Personal information
- Full name: Douglas Richard Brown
- Born: 2 February 1972 (age 54) Jamaica
- Batting: Right-handed
- Bowling: Right-arm medium-fast

International information
- National side: Turks and Caicos Islands;

Domestic team information
- 2007/08: Turks and Caicos Islands

Career statistics
| Competition | Twenty20 |
| Matches | 1 |
| Runs scored | 4 |
| Batting average | 4.00 |
| 100s/50s | –/– |
| Top score | 4 |
| Balls bowled | – |
| Wickets | – |
| Bowling average | – |
| 5 wickets in innings | – |
| 10 wickets in match | – |
| Best bowling | – |
| Catches/stumpings | –/– |
- Source: Cricinfo, 8 March 2012

= Douglas Brown (cricketer) =

Jamaican-born cricketer

Douglas Richard Brown (born 23 February 1972) is a Jamaican-born cricketer who plays for the Turks and Caicos Islands.
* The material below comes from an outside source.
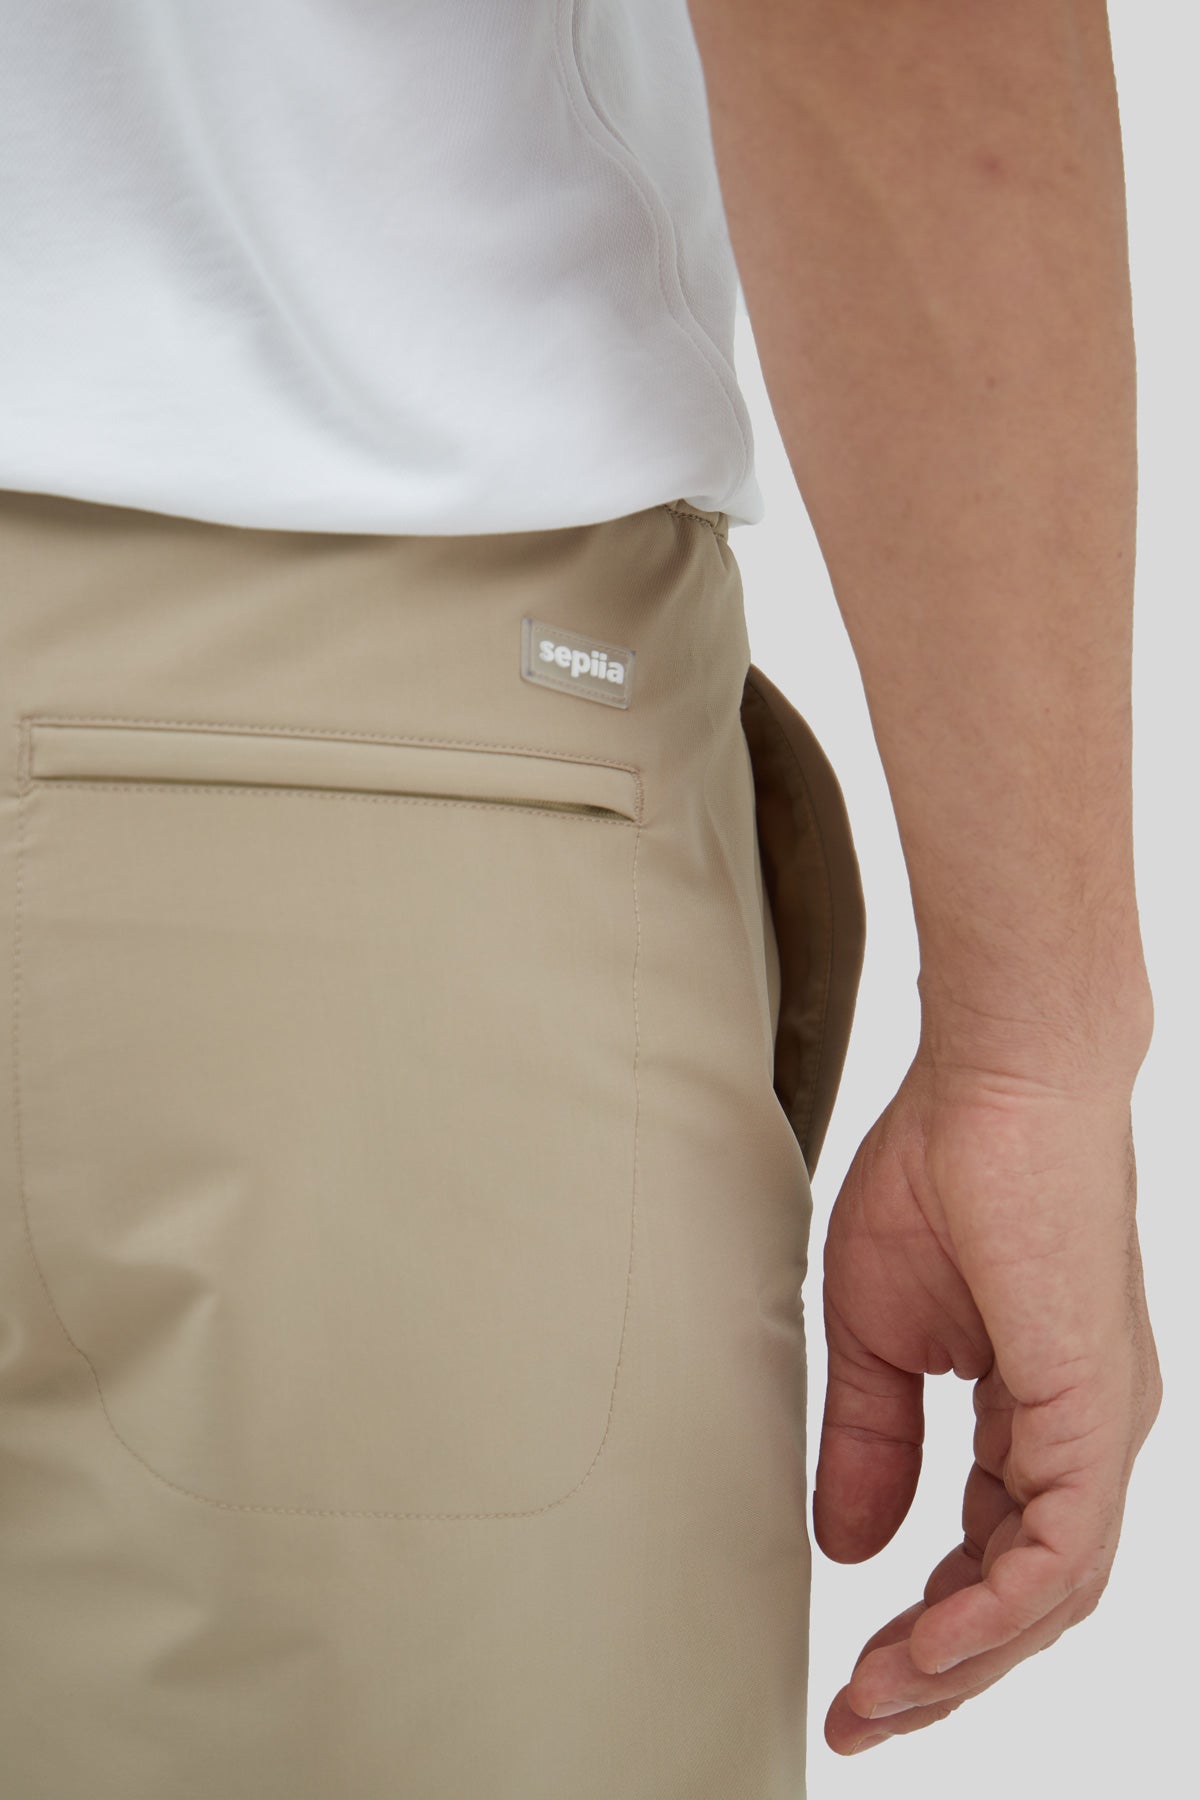 Beige shorts | Enrique Alex

Brown is a right-handed batsman who bowls right-arm fast-medium.

Brown played a single Twenty20 match for the Turks and Caicos Islands against Montserrat in the 2008 Stanford 20/20 at the Stanford Cricket Ground. He was run out for 4 runs in this match by Lionel Baker, with the Turks and Caicos Islands making just 67 runs in their twenty overs. Montserrat went on to win the match by 9 wickets.